Duško Mrduljaš

Medal record

Representing Yugoslavia

Men's rowing

Olympic Games

World Rowing Junior Championships

= Duško Mrduljaš =

Duško Mrduljaš (born 17 July 1951) is a former professional rower who won a bronze medal in the coxed pair at the 1980 Summer Olympics. He is also a businessman with philanthropic interests. He was born on 17 July 1951 in Split, Croatia. He finished high school in 1972 in Split and in 1979 graduated from the Faculty of Economics also in Split. He is married and has two children.

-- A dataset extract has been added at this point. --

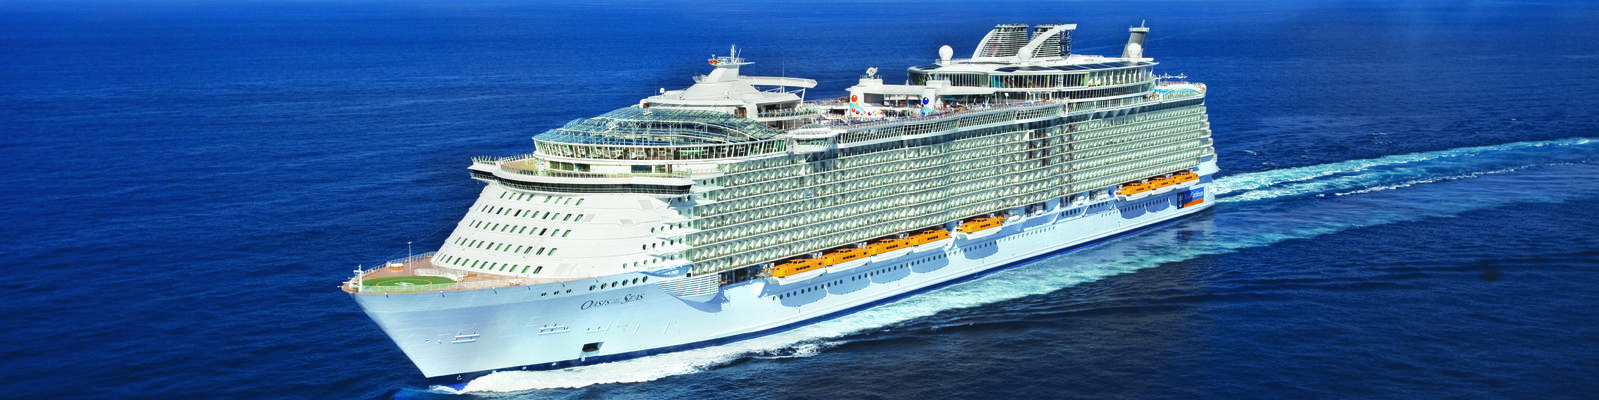 Oasis of the Seas (Photo: Royal Caribbean International)
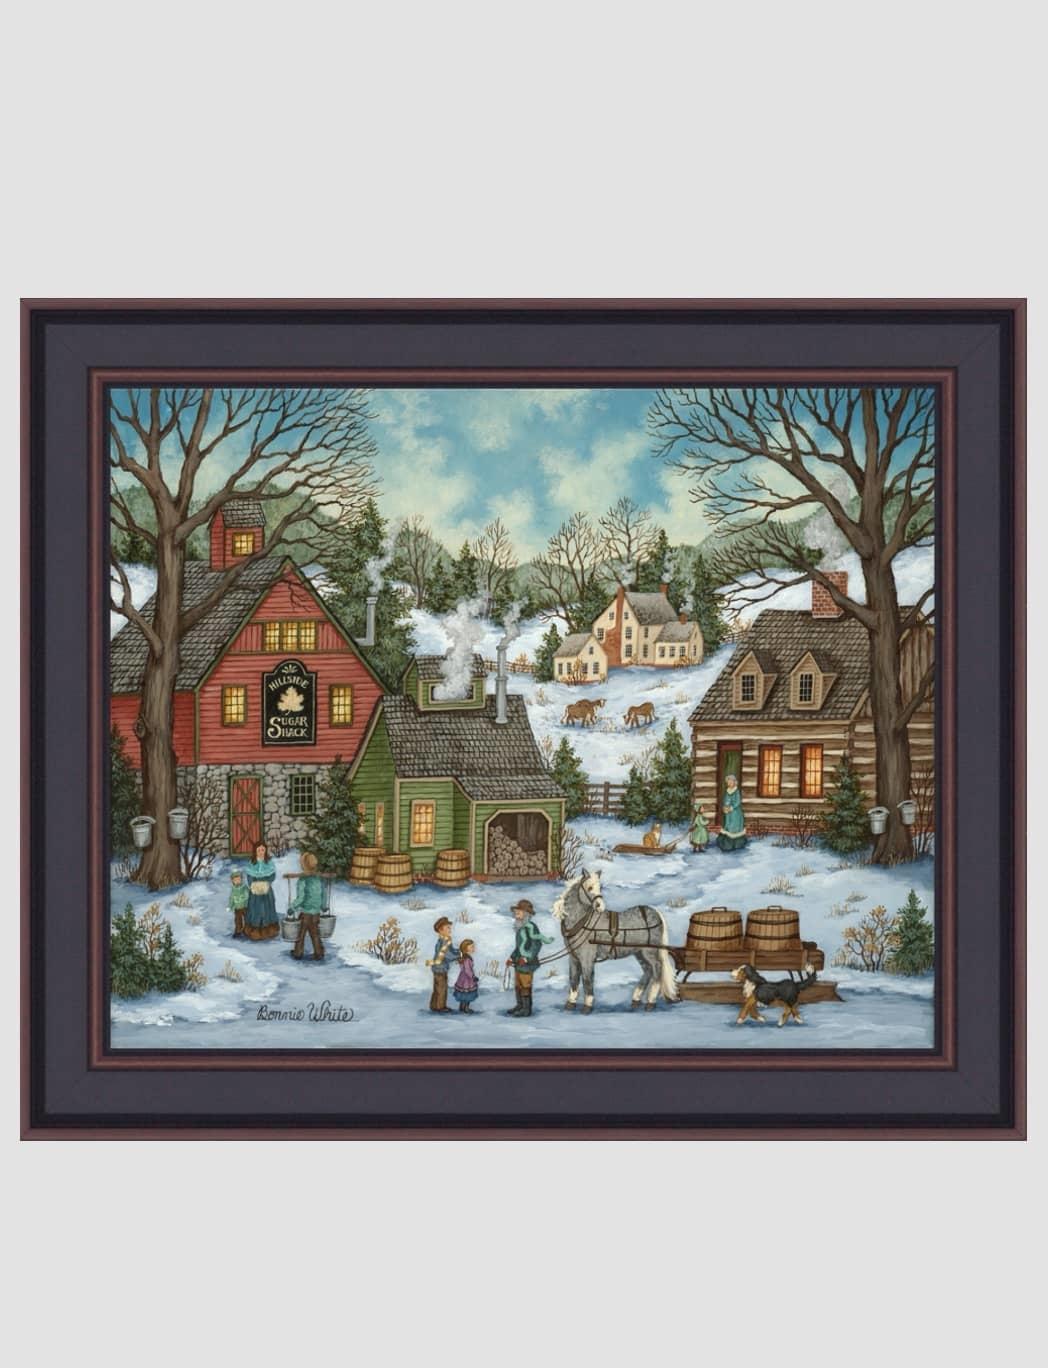 Bonnie White Hillside Sugar Shack Print by Bonnie White

==Business career and charity work==
Working career began in the commercial enterprise "Dalma" in 1979 in Split on business planning and analysis. From 1983 to 1985 he was director of housing co-operative "Dalma", from 1985 to 1993, he was head of the commercial sector in the wholesale company "Dalma" and Croatian representative in the federal committee for trade promotion in Yugoslavia (1980–1984). He participated as a volunteer in Croatia War of Independence in 1991. After the war, he was active in veterans associations where he was president of the Association of Volunteers of the Croatian Navy and member of the Republican coordination associations came from the war on the state level. From 1993 to 1995 he performed the duties of building management for the UN. From 1996 to 1997 he was director of the "SS - Split". In 1996 he entered the entrepreneur and founded his own company ABA VELA d.o.o. in nautical tourism, which is being successful till nowadays. In between 2001 and 2002 he was the CEO of the biggest Croatian nautical company ACI from Opatija and was a member of the working group of the Government Office for the development of the strategy of tourism of the Republic of Croatia (2002 - 2003).

==Family==
His grandfather was a state representative in rowing, father and uncle champions of Europe in eights (1932) and the son Jure Mrduljaš of silver in the overall World Cup in coxless four. His mother was a national champion in swimming, his wife Vinka Mrduljas is multiple state champion in rowing, and brothers state champions in sailing.

==Sport==
Duško Mrduljaš participated in three Olympics (1972, 1976, 1980) and he is the winner of numerous international regattas. He won the Olympic bronze medal in coxed pair at the 1980 Summer Olympics in Moscow in 1980. He also won the bronze medal in the coxless pair at the World Junior Championships in Naples in 1969. He was the winner at the Mediterranean Games in Split in 1979. He won the gold medal at the Balkans championships for 7 times and national champion medal for 18 times.

He won the gold medal in swimming at the military state championship. He competed and won in numerous sailing regattas in the class cruiser. As a long-time and experienced yachtsman he is representative of the Royal Nautical Club of London in Croatia. In addition to membership in the Croatian rowing club "Gusar" he is the member of the sailing club "Labud", and has long been a member of the ski club "Split", Mountaineering Society "Mosor", the diving club "Split" and chess club "Mornar". Duško Mrduljaš held numerous positions in various sporting bodies. He was the president of the Croatian Rowing Club HVK Gusar from Split (1984–1985), the president of the Sailing Club "Adriatic" in Opatija, a former Republican delegate for sports (1980–1984), a member of "SIZ" and Sports of the city of Split, rowing judge of Croatian Rowing Club since 1973 and an international rowing FISA judge.

He made contributions in Croatian Olympic Committee (2000 - ) as a delegate of Croatian Rowing association through three mandatory periods. As a member of the Assembly in the same period he was elected three times to the Council of the Croatian Olympic Committee (2000–2002; 2004–2008) . Through participation in the work of the COC he has made a significant contribution to the work of the sports organisations in Croatia, development of Croatian sport and realisation of a number of high-level sports achievements, among which is the rowing and the club HVK Gusar. As a Member of the Working Group Office of the Government for development of the Sports in 2007 he appointed the first commission for professional sports clubs that in his four-year term did an important role in the process of transformation of sports clubs in Croatia. With his work in the Committee for Professional Sports Clubs Duško Mrduljaš gave an important contribution to the successful realisation of this pioneering work.